Discuss status, status set, ascribed status and achieved status.

Status- Defined as a socially defined position in a social structure.


Usually a person's statuses are more or less consistent, but occasionally a person occupies two or more statuses that society deems contradictory (status inconsistency)

Status Set

Al of the statuses a person has at a given time.


Dad, student, coach, cook, driver, handyman, and etc.


The statuses that people occupy change not only according to social context, but over the life course as well.

Ascribed Status

Statuses assigned to individuals without reference to their abilities or efforts.


Age, race, gender, ethnicity, family background.




No choice you are born with these statuses.

Achieved Status

Statuses secured through effort and ability. Something that you have achieved by yourself.


Becoming a spouse, a felon, student, employee, anything that has become because or your efforts.

What is the definition of roles and answer the following question as it relates to the Stanford Prison Experiment.

A set of expectations, rights, and duties that are attached to a particular status.

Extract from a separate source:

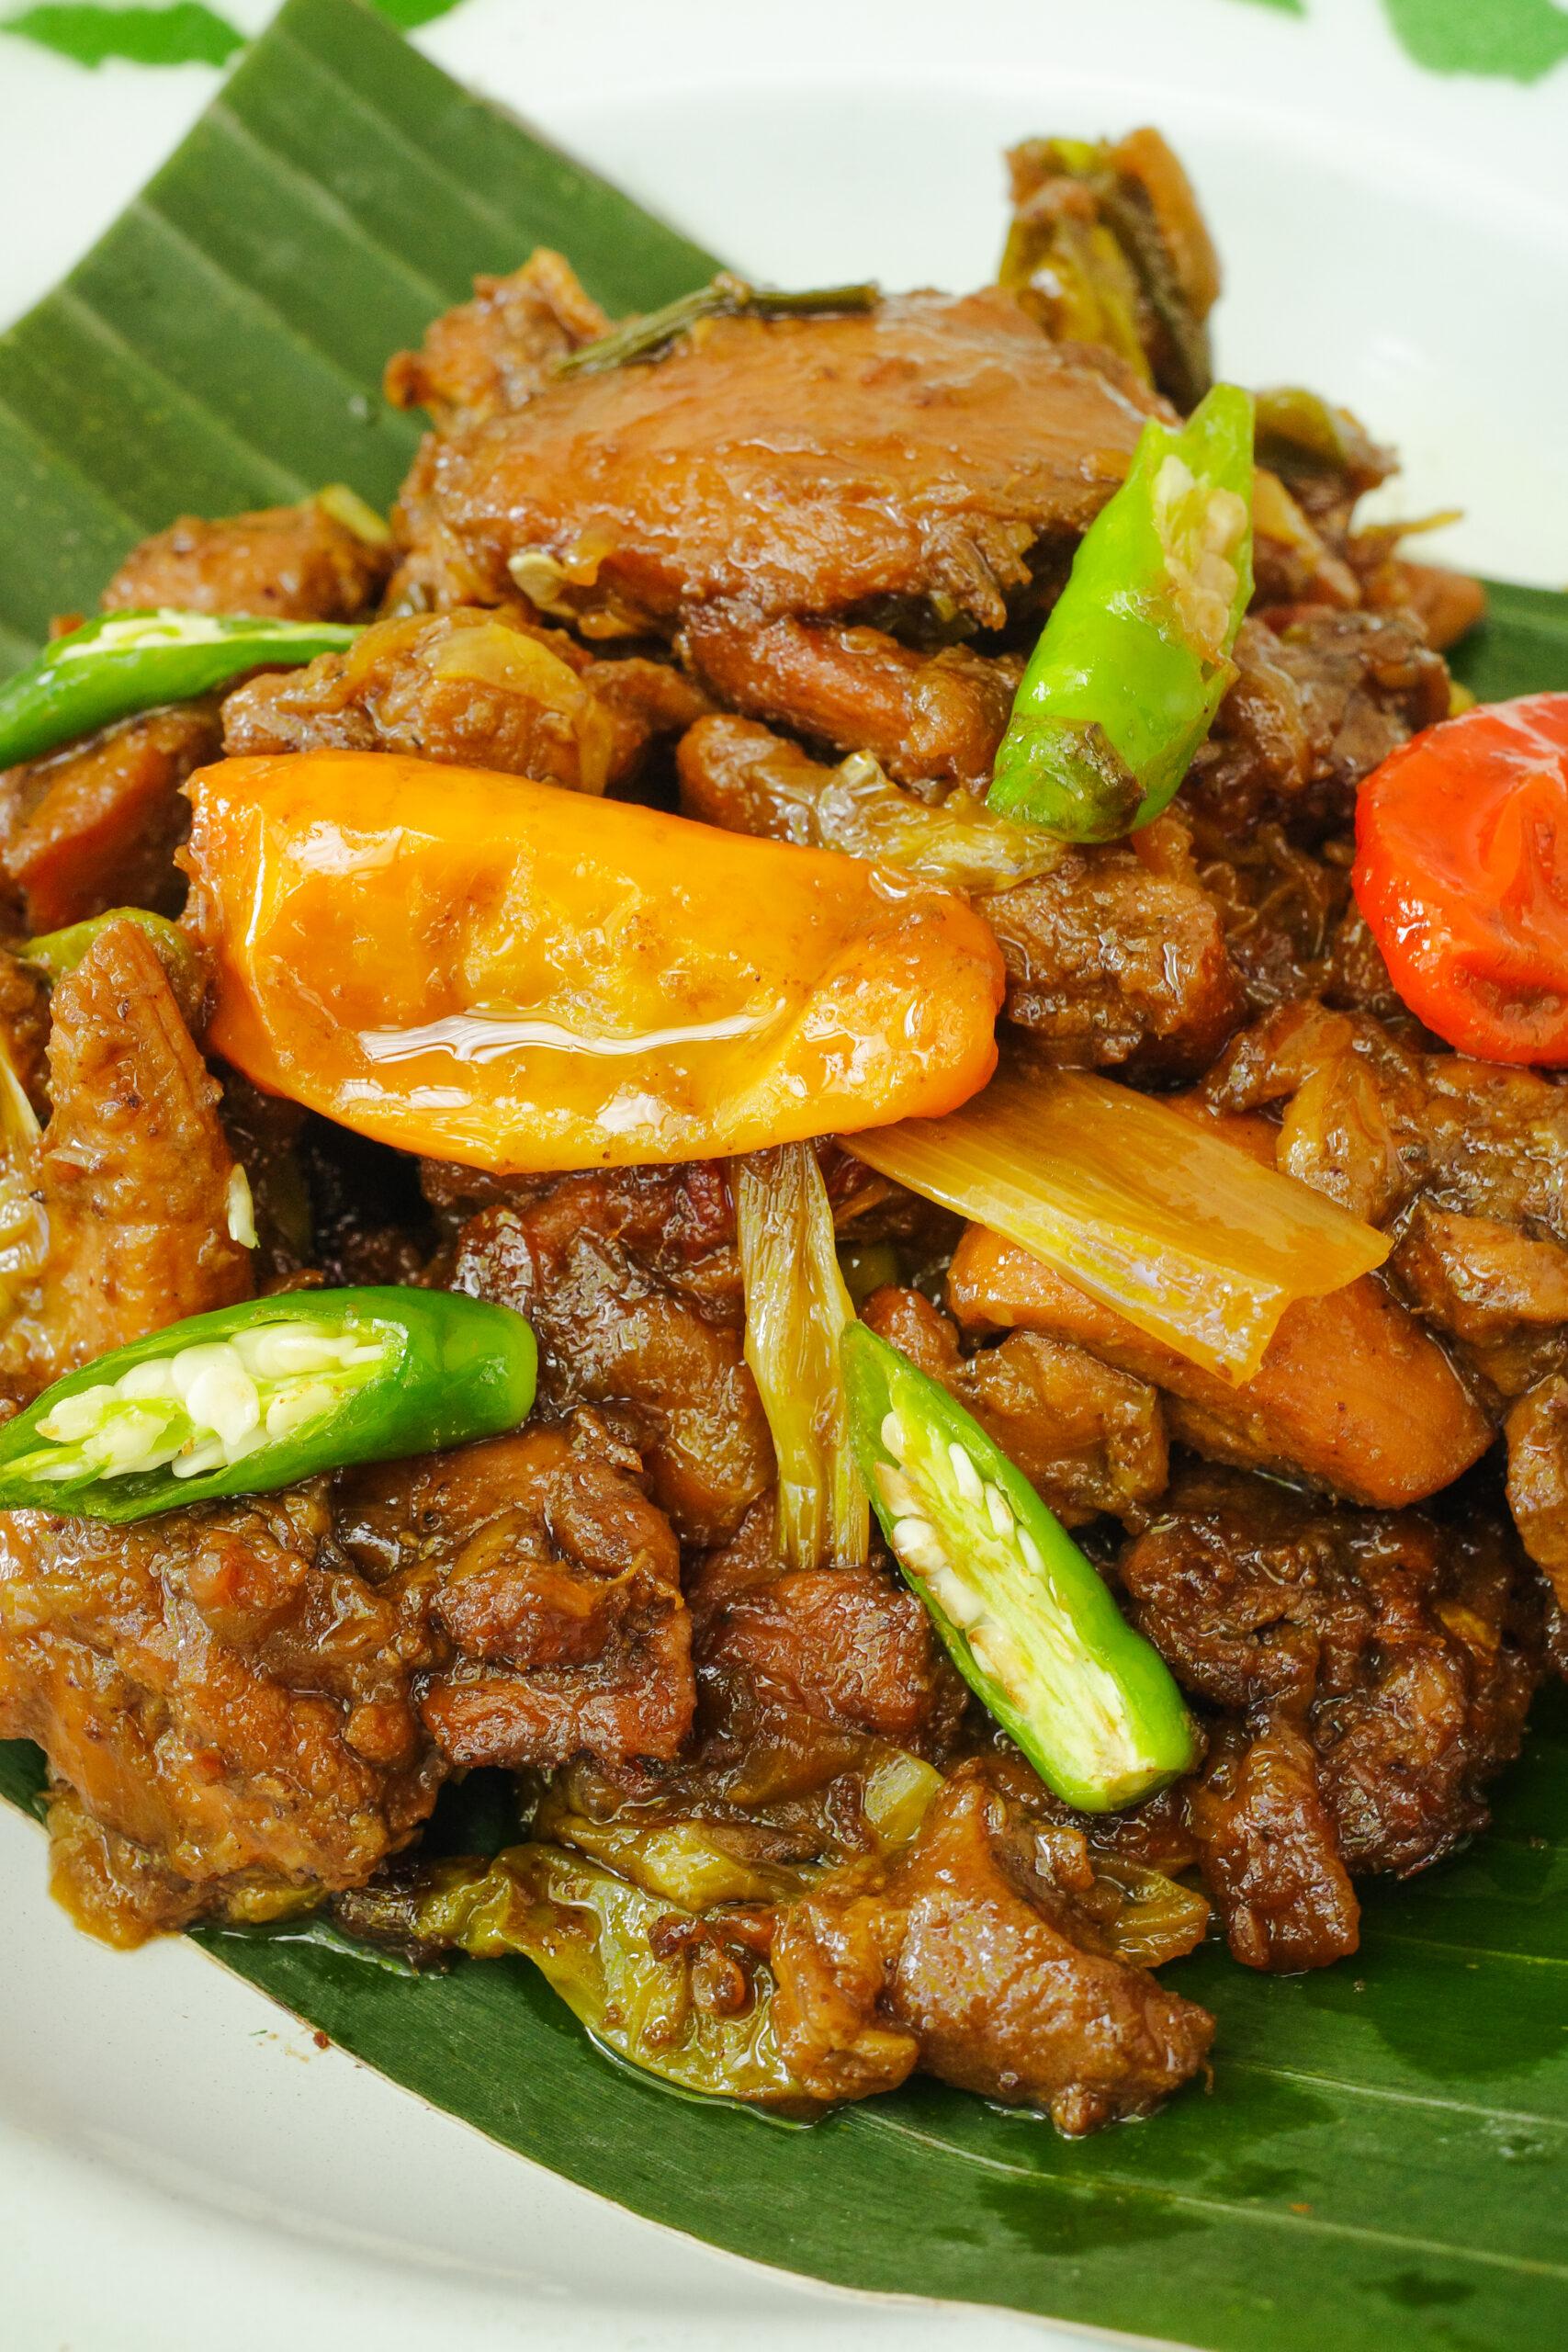 Lazy Susan Shares An Intriguing Betawi Local Food
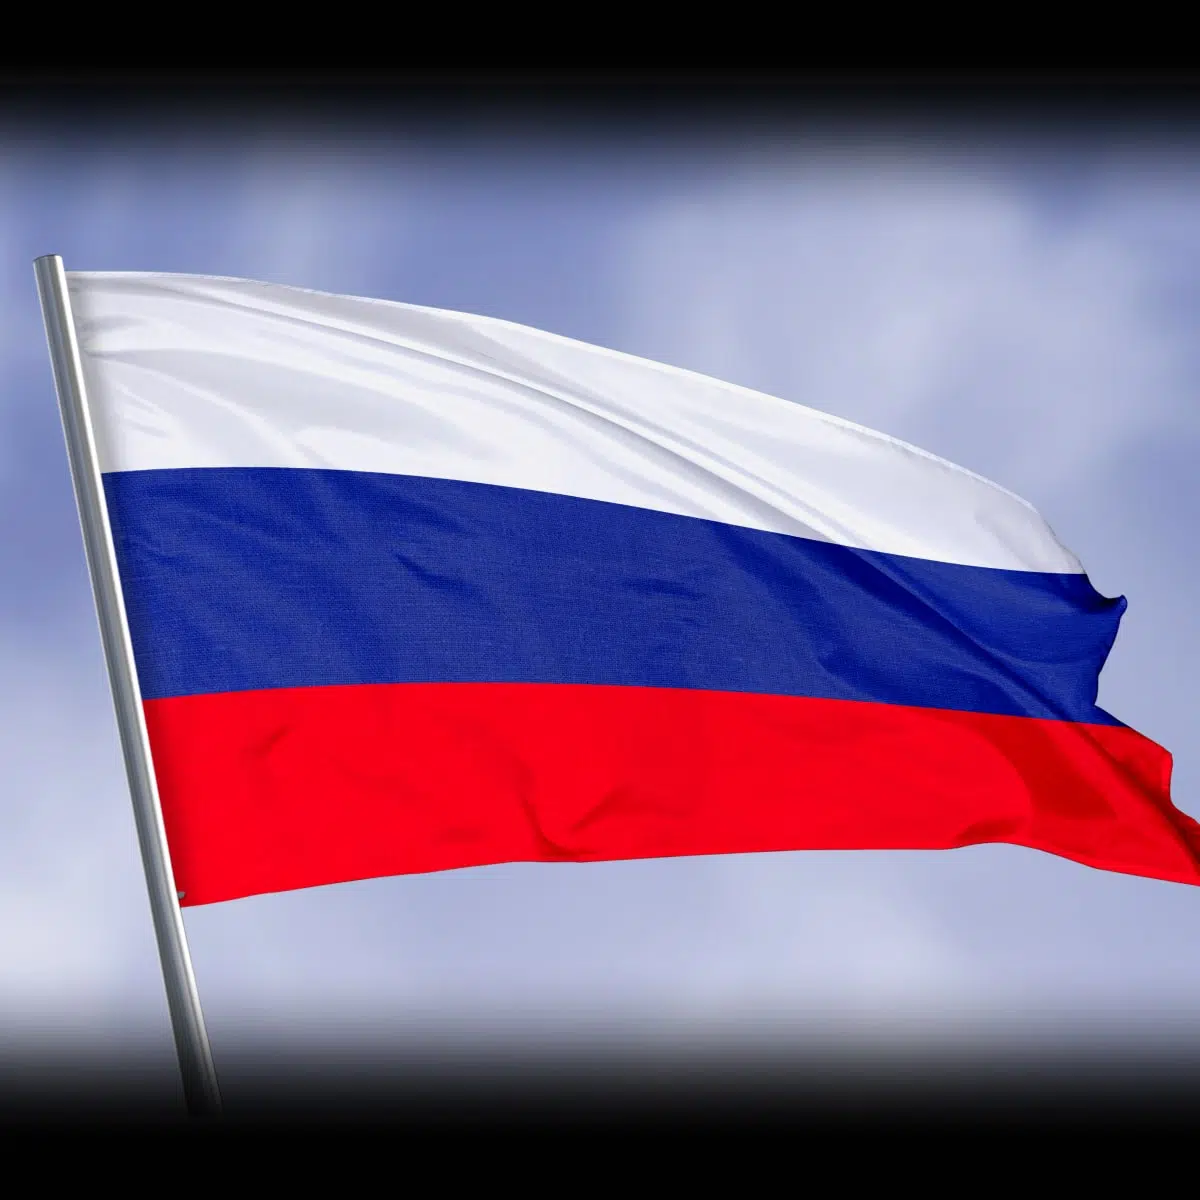 Island zatvorio ambasadu u Moskvi, Rusija obećala odgovor

Without roles, human social life would be almost impossible, because roles guide our interactions in virtually every social situation.


We play roles in every part of our daily lives.

To what extent is each of us a "prisoner" of the roles we play?

Once we have become committed to the roles we choose to play in life we get stuck in these roles for our entire life unless we can make changes that would change our roles.


I was in the role of Fireman for many years and that role dictated what I did in every aspect of my life, I was a "prisoner" of that role and could not change it until I changed what my new prison would be. Now I am a "prisoner" of my new role as a student. That did not change all of my roles, I am still a father and husband and follow that role, but my daily role of what my identity is has changed, thus changing my achieved status. I still have my past achievements, but now I am making new achievements.

The relationship is which we are involved, and the society in which we live?

I do not like to say I am a "prisoner" in my relationship roles, but I do think that I am locked into a life long commitment to these relationships and I want to continue to improve my relationships by learning and growing forever.




It seems we can be "prisoners" of our roles in society. At what point do we think we are doing what we think is right or are we doing what society deems the right way to do things. If a person is afraid to change because they fear what society will think of them the they are prisoners and will not get to truly be a free human being. People tend to worry to much about what society thinks is right and wrong, the problem I have with that is where does society get all the rules from?

To what extent do we build a maintain the walls of our "jail" through our own actions?

If we always do what we did, then we will always get what we got.




Change is hard so we continue to do what we know and what makes us comfortable even if it is wrong. We get caught in the rut of life and the longer we are in those ruts the higher and stronger our walls get.